Supplied material
= Beginning of Section =

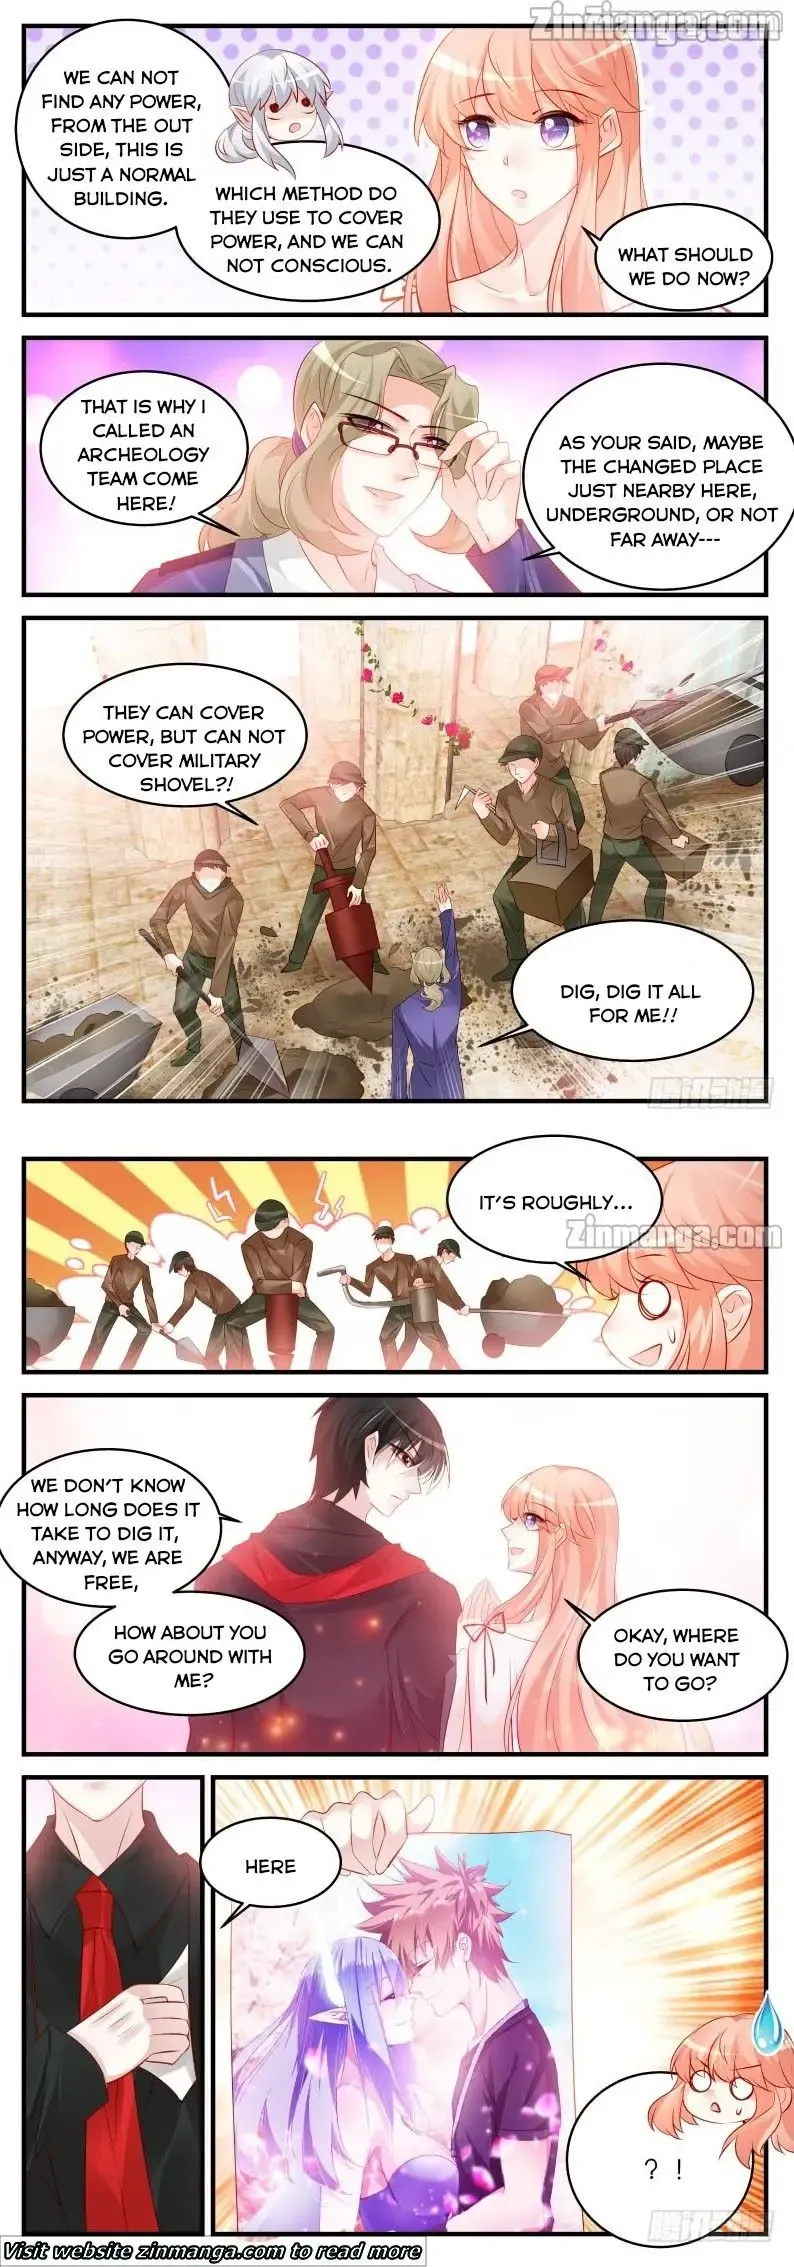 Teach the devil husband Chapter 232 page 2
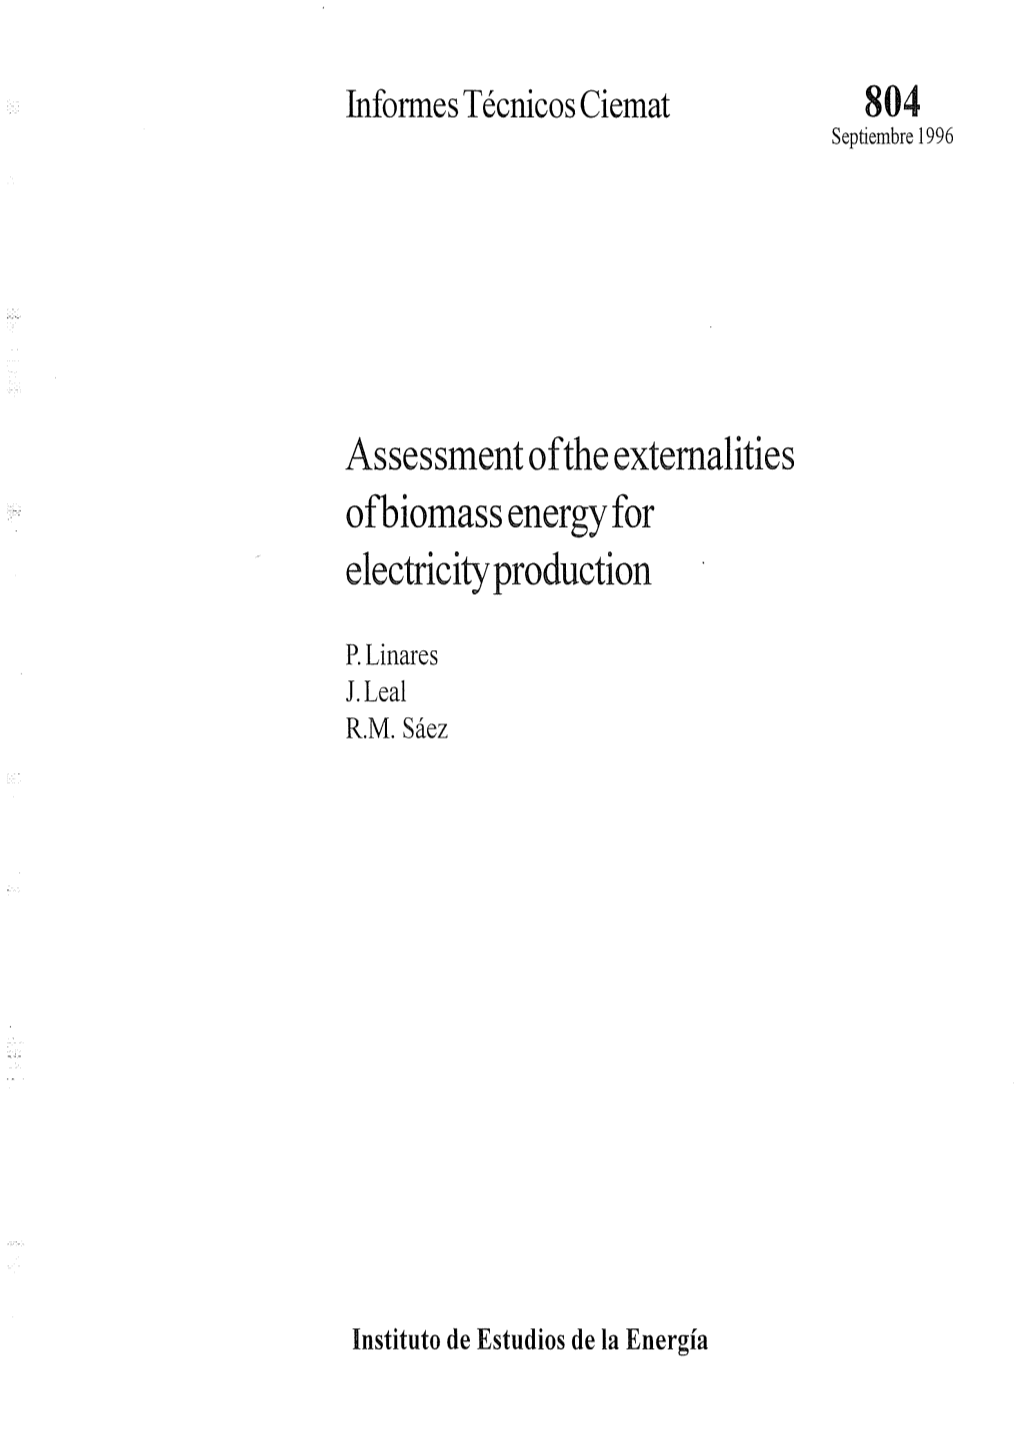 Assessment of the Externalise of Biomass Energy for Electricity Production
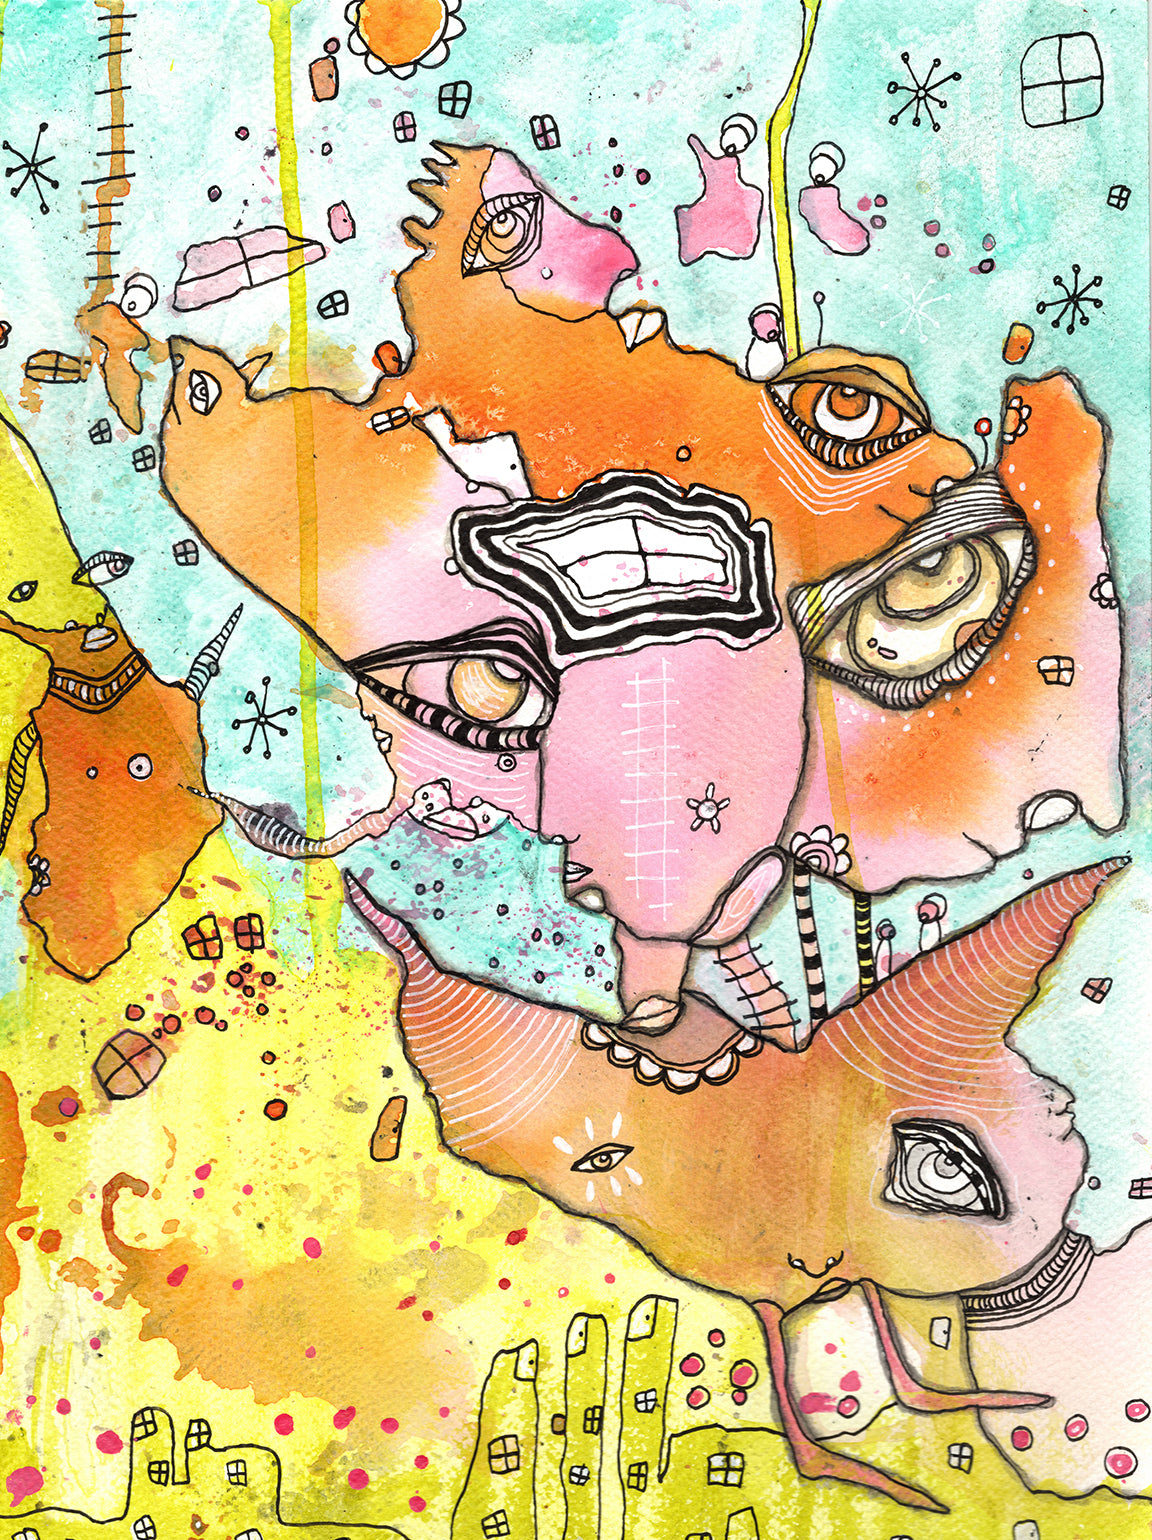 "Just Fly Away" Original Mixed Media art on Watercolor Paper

= End of Section =

Exercise prompt
Everything in the data except the pictures must be retyped exactly.

Exercise result
 Teach the devil husband Chapter 232 page 2
 Assessment of the Externalise of Biomass Energy for Electricity Production
 "Just Fly Away" Original Mixed Media art on Watercolor Paper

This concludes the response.